Eating a bowl of yogurt a day can meet one-third of your daily calcium requirement and one-fifth of your vitamin D requirement. It also supports digestive health due to its probiotic content.
Three glasses of milk a day provide some calcium and can be eaten alone, in smoothies, sauces, or roti dough. Milk contains important proteins and minerals.
A slice of cheese daily boosts bone health, being rich in calcium and vitamin D. Cheese also offers a good source of protein and healthy fats.
Rich in protein, calcium, vitamins, and minerals, one cup of spinach provides 25% of your daily calcium. Antioxidants in spinach boost health.
Calcium-fortified cereal is a good option for stronger bones with many market varieties available.

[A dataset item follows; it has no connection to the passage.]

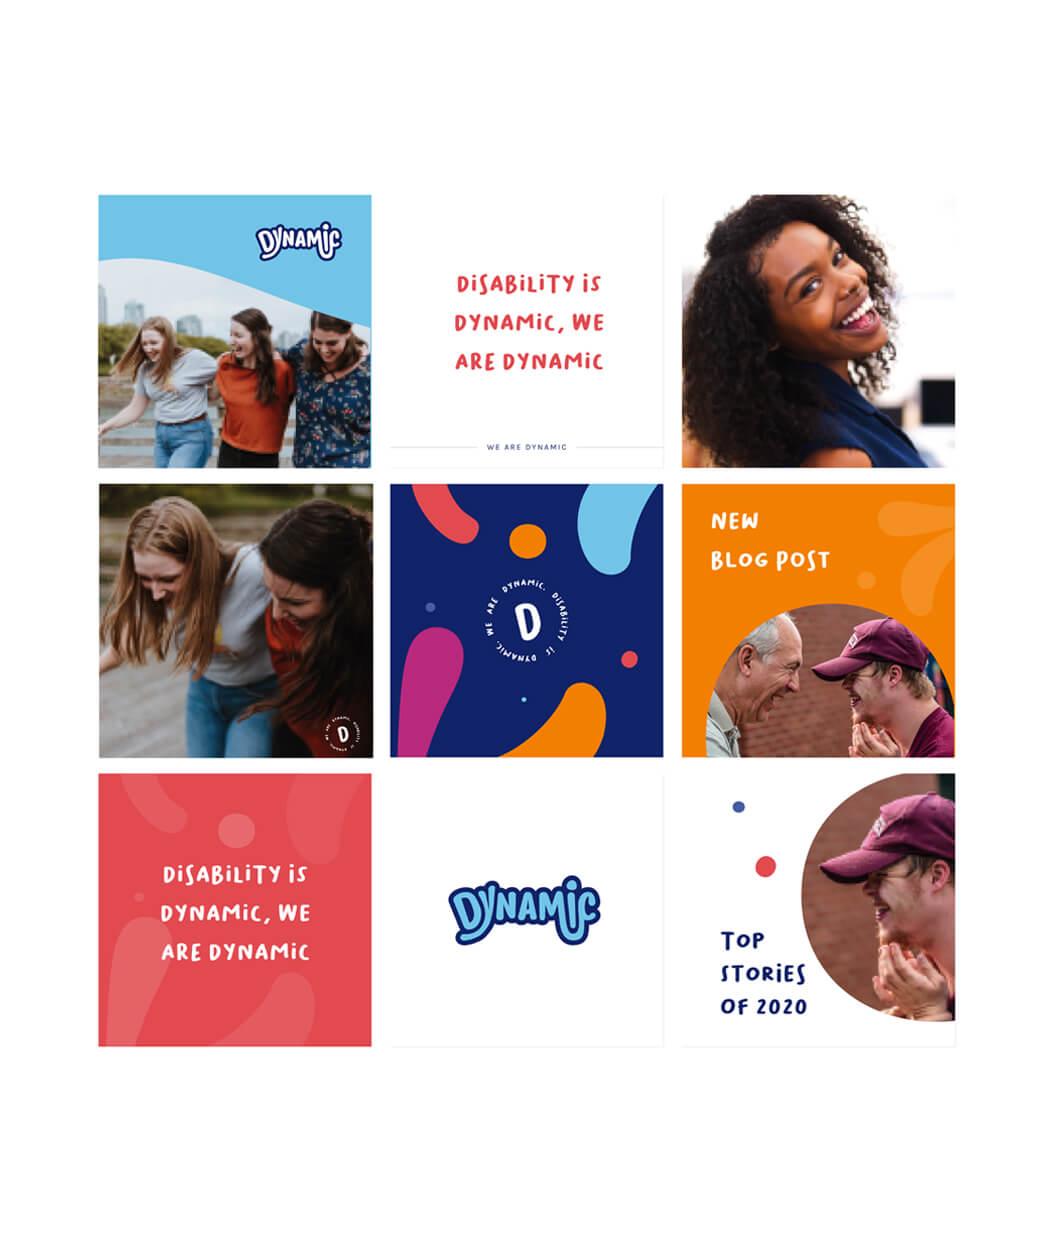 Instagram social media brand design
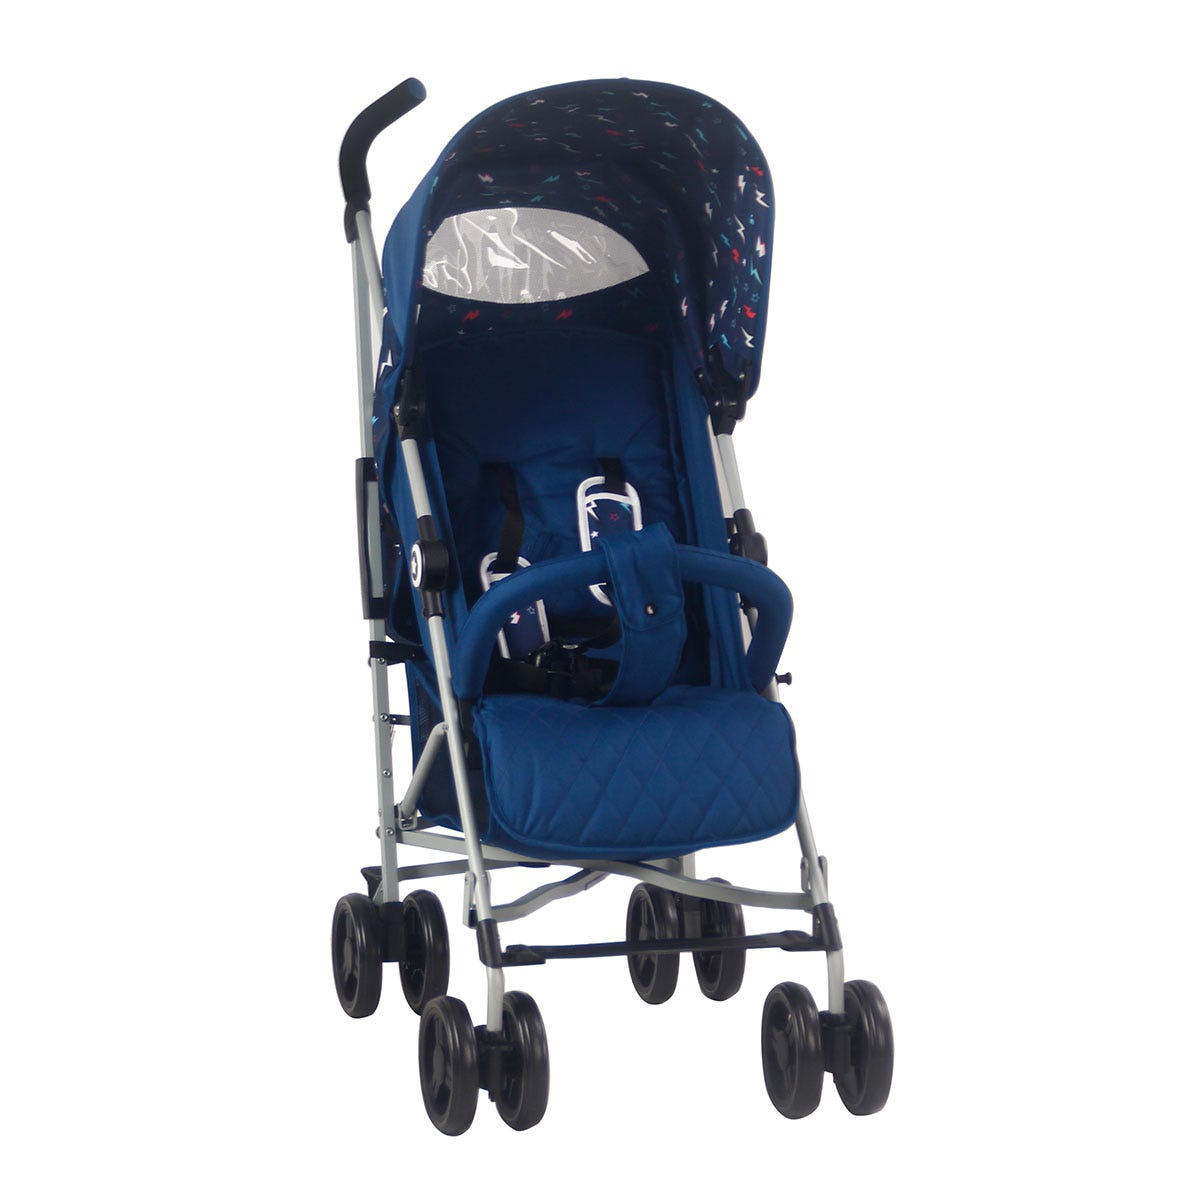 My Babiie MB02 Stroller - Blue Flash

It often includes added vitamins and minerals for extra nutritional benefits.
Packaged orange juice provides a good alternative for calcium intake compared to freshly squeezed juice. It is also rich in vitamin C, which aids in calcium absorption.
Collard Greens
Greens like broccoli, collards, and kale strengthen bones and can be added to salads or smoothies. They are also packed with vitamins A, C, and K.
Turnip Greens
Turnip greens are beneficial for bone health, helping to fulfill daily calcium needs. They are also rich in fiber, supporting digestive health.
Soya Products
Soy products like tofu, soy milk, soybeans, and soy drinks are good for increasing bone strength. They also provide plant-based protein and are often fortified with additional vitamins and minerals.